La scissione nei Cinque Stelle da minaccia per la tenuta del governo, per ora, sembra essersi trasformata in elemento per la sua stabilità. E il sostegno indiscusso all’esecutivo diventa un refrain nel Movimento, che -indebolito dall’addio di Luigi Di Maio – accantona al momento i toni battaglieri e rivendicativi degli ultimi tempi per predicare lealtà. Lo fa Conte, ma anche gran parte di ministri, sottosegretari, parlamentari. Ma ci sono anche le voci fuori campo, come quella di Stefano Buffagni, che risuona come un campanello d’allarme: “Vedremo”, risponde a chi gli chiede se il M5s continuerà a sostenere Draghi. Di certo, senza il freno dei governisti (ormai fuoriusciti), ‘l’avvocato del popolo’ dovrà confrontarsi sempre di più con l’ala dura e pura del Movimento e sarà chiamato ad un grande sforzo di mediazione per conciliare le battaglie per i valori pentastellati, la permanenza nella maggioranza e la tenuta dell’alleanza giallorossa.
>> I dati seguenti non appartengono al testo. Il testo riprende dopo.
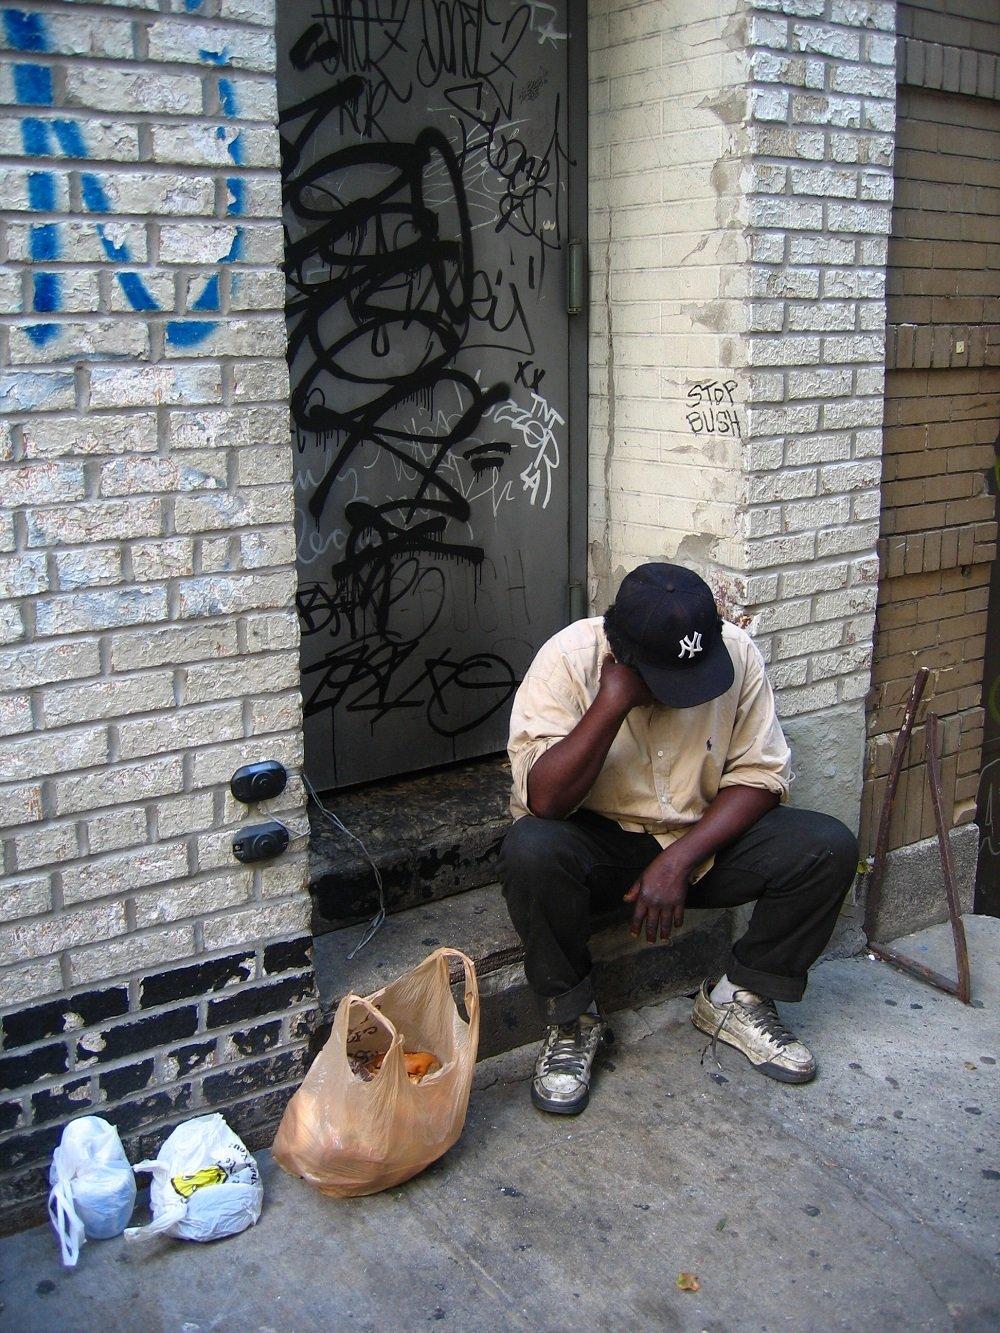 Un sans-abri.   Image : Wikimedia Commons

La scissione non ha colto di sorpresa il segretario dem Enrico Letta che, tenendosi lontano dalla disputa Conte-Di Maio, e mette in chiaro che la priorità è “mettere in campo un’idea di Italia per i prossimi cinque anni”, poi “condividerla con gli alleati. Rifiuto l’idea che si debba partire dalle alleanze”.
In giornata si riunisce anche il Cdm: Di Maio non c’é (è in missione in Serbia) e nessuno fa cenno ai travagli dei 5s. L’esecutivo approva il decreto che proroga al terzo trimestre le misure per contenere i prezzi delle bollette di luce e gas e per le garanzie per le imprese che effettuano stoccaggi di gas. “Siamo stati nel merito dei provvedimenti – dice Elena Bonetti – Il governo è stabile”.